И все-таки Мур слушал деголлевскую “France Libre”. Так он узнавал новости с театров военных действий, которыми в СССР мало кто интересовался: во французской Экваториальной Африке, в Сирии. Особо занимает его сирийский фронт, когда в мае начнется совместное наступление британских и французских (деголлевских) войск на верные вишистам Сирию и Ливан. Французы начнут воевать с французами, словно это гражданская война. А в последний мирный вечер 21 июня 1941 года Мур будет слушать по французскому радио “очень интересную” передачу об экономическом положении Франции. Вряд ли в тот субботний вечер в Москве нашлось много слушателей, которых заинтересовала бы такая программа.
Но вернемся в апрель – май 1941-го, время для Мура если не счастливое, то благополучное. Он не знает, как тяжело Але в исправительно-трудовом лагере, почему именно она похудела и “стала похожа на жирафу”. Просто представить не может. Отец сидит в тюрьме, надежд на освобождение всё меньше, но Мур и представления не имеет, что такое следствие, что такое советская тюрьма. В остальном же дела идут неплохо. Цветаева зарабатывает переводами. Их печатают в журналах и даже читают на радио. Митя дает почитать (иногда и продает) интересные книги. В школе Георгия ценят. В концертном зале исполняют любимые Пятую и Шестую симфонии Чайковского. На эстраде гремит новая звезда – Ираклий Андроников. Мур ходит на его концерты, а сам Ираклий Луарсабович восхищается Цветаевой, просто в восторге от ее перевода “Раненого барса” Важи Пшавелы: “Он говорит, что это «потрясающе, всё перевертывает»”.815816 Мур очень гордится успехами матери. А вечерами парижский мальчик погружается в свой любимый мир. Он ищет волну “France Libre”, ждет выступлений де Голля.
ИЗ ДНЕВНИКА ГЕОРГИЯ ЭФРОНА, 10 мая 1941 года:
Я очень часто по радио слушаю генерала де Голля. Приятно слышать французские голоса, кроме того, узнаёшь много новостей. К тому же эти передачи помогают мне не забывать язык.

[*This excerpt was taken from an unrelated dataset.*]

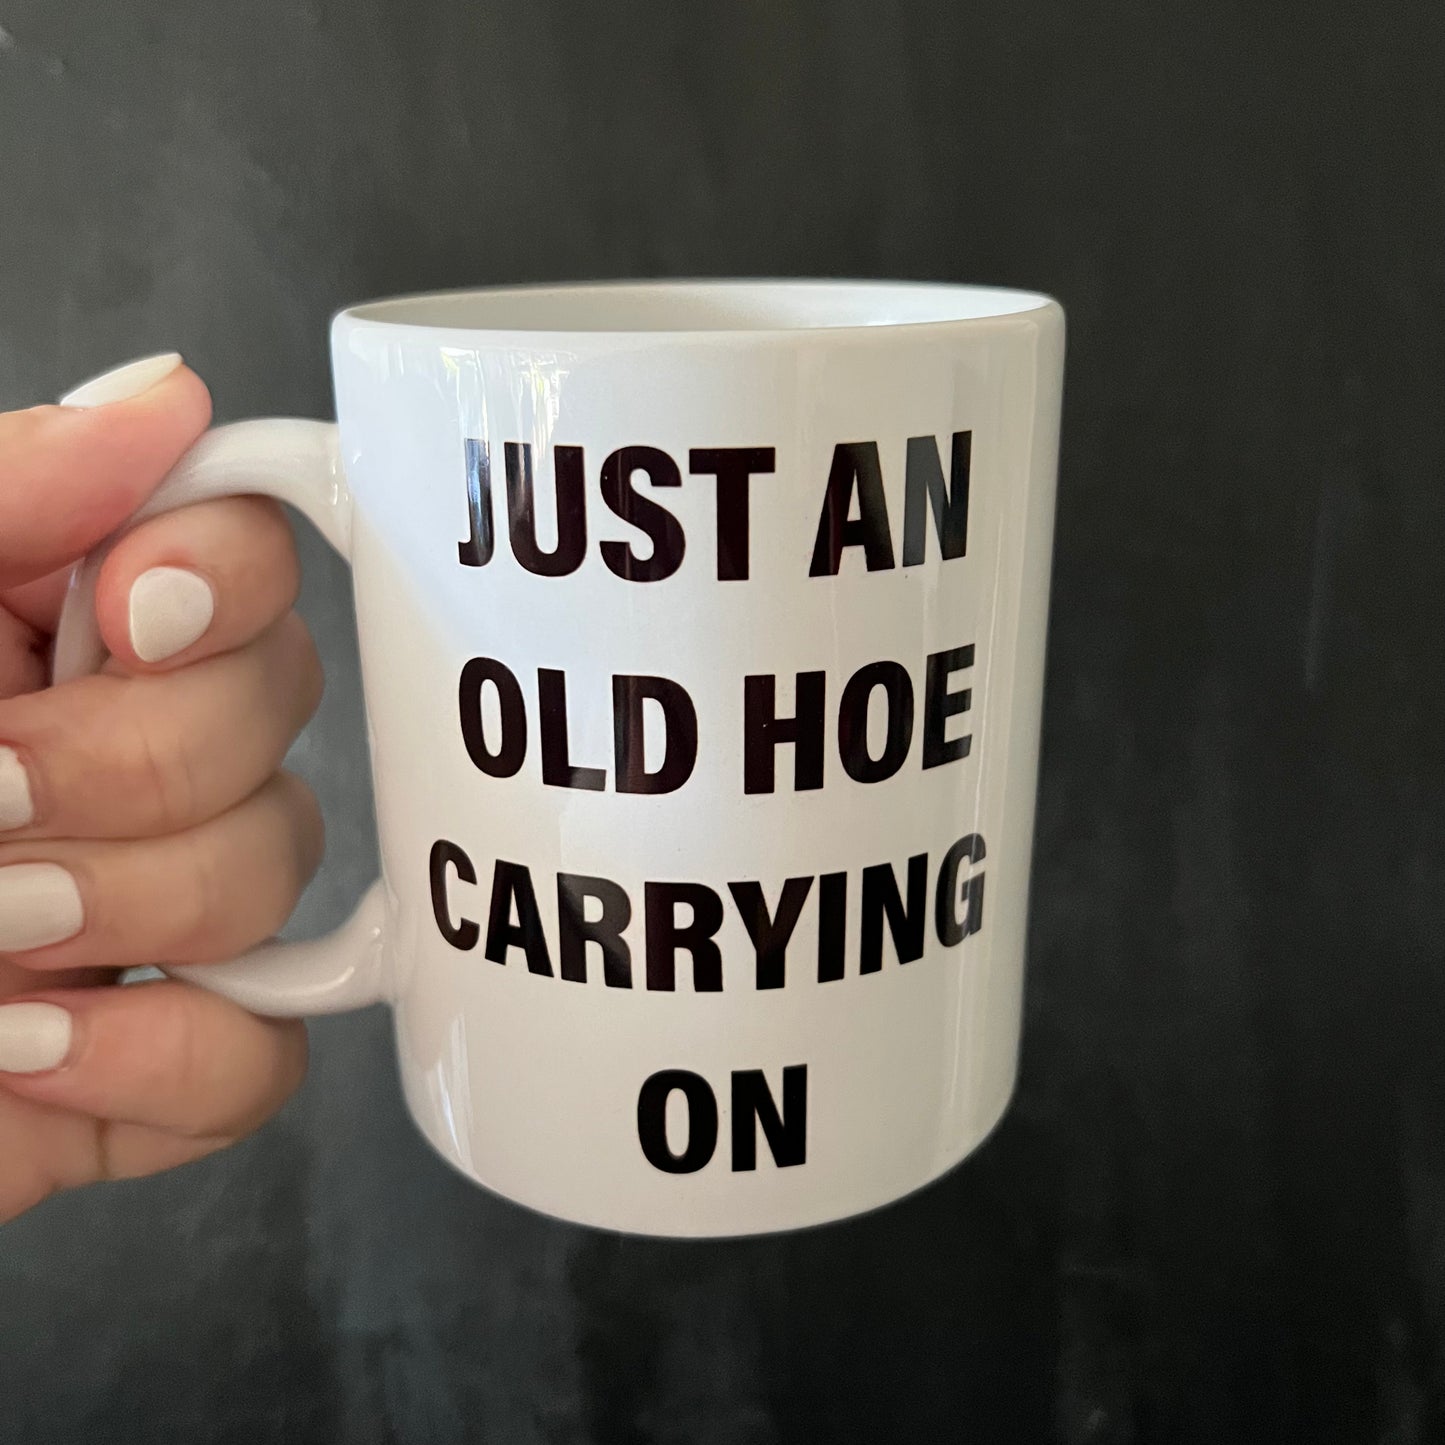 Carrying on mug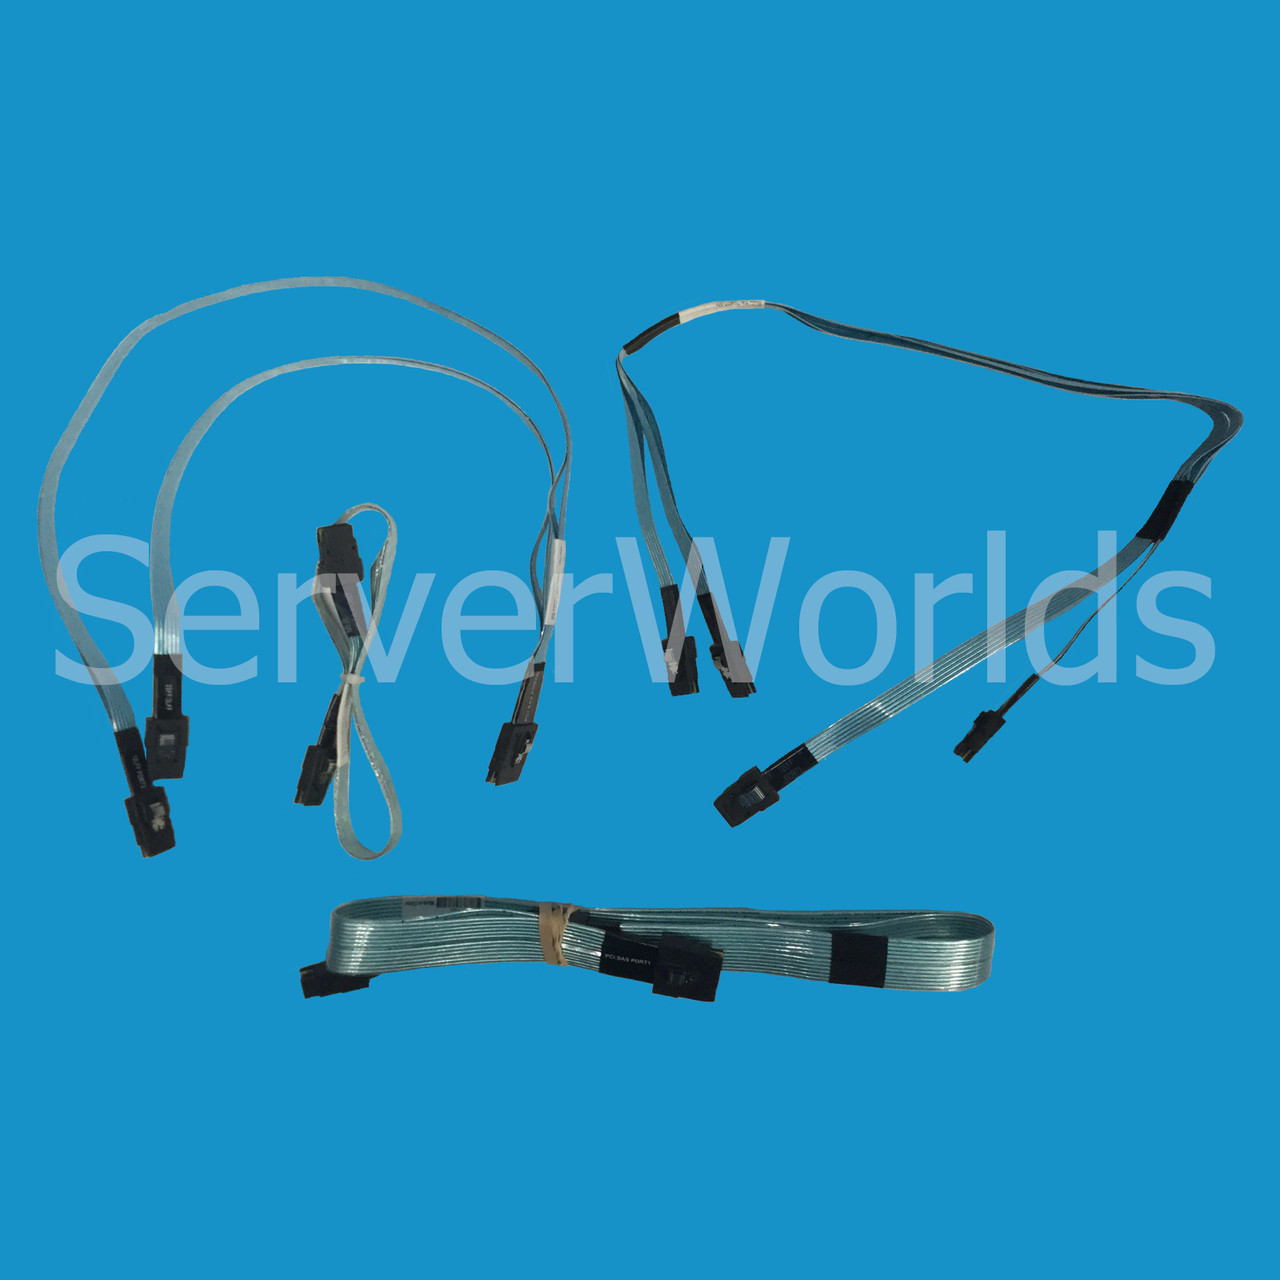 HP 784627-001 DL380 Gen9 SAS Cable Kit

И русский, и французский были для него родными. Недаром же он был, если верить Цветаевой, в классе лучшим знатоком русского языка. Между тем язык его дневника – смесь французского и русского. Иной раз Мур пишет только по-русски, почти не прибегая к французской лексике. Однако есть у него и многостраничные записи на французском. Большая часть записей – на русском, но пересыпаны галлицизмами. Так, девочка Рема Петрова, одноклассница Мура, “имеет довольно строгих родителей”. По-русски это звучит коряво. А по-французски будет именно так: “Rema a des parents assez stricts”. Жена Тарасенкова “имеет красивое тело” – по-французски Мур сказал бы лучше: “La femme de Tarasenkov a un beau corps”. Он как будто переводит с французского на русский.
Так же часто Мур включает в русский текст французские слова, приделывая к ним русские окончания. Ругая Цветаеву за непрактичность, Мур пишет, что другой человек на ее месте “смог бы на всём этом брик-а-браке фактов достать себе приличную жилплощадь”817. Bric à brac – это хлам, барахло. Французский глагол inaugurer (открывать, положить начало) Мур вводит в свой русский лексикон, изобретая слово “иногюрировать”. Глагол frapper (ударить, поразить, сразить) оборачивается русифицированным “фраппировать”. У британской армии, по словам Мура, “формидабельная” боевая техника, то есть техника великолепная, мощная, могучая – formidable. Так французский язык у Мура постоянно влияет на его русский.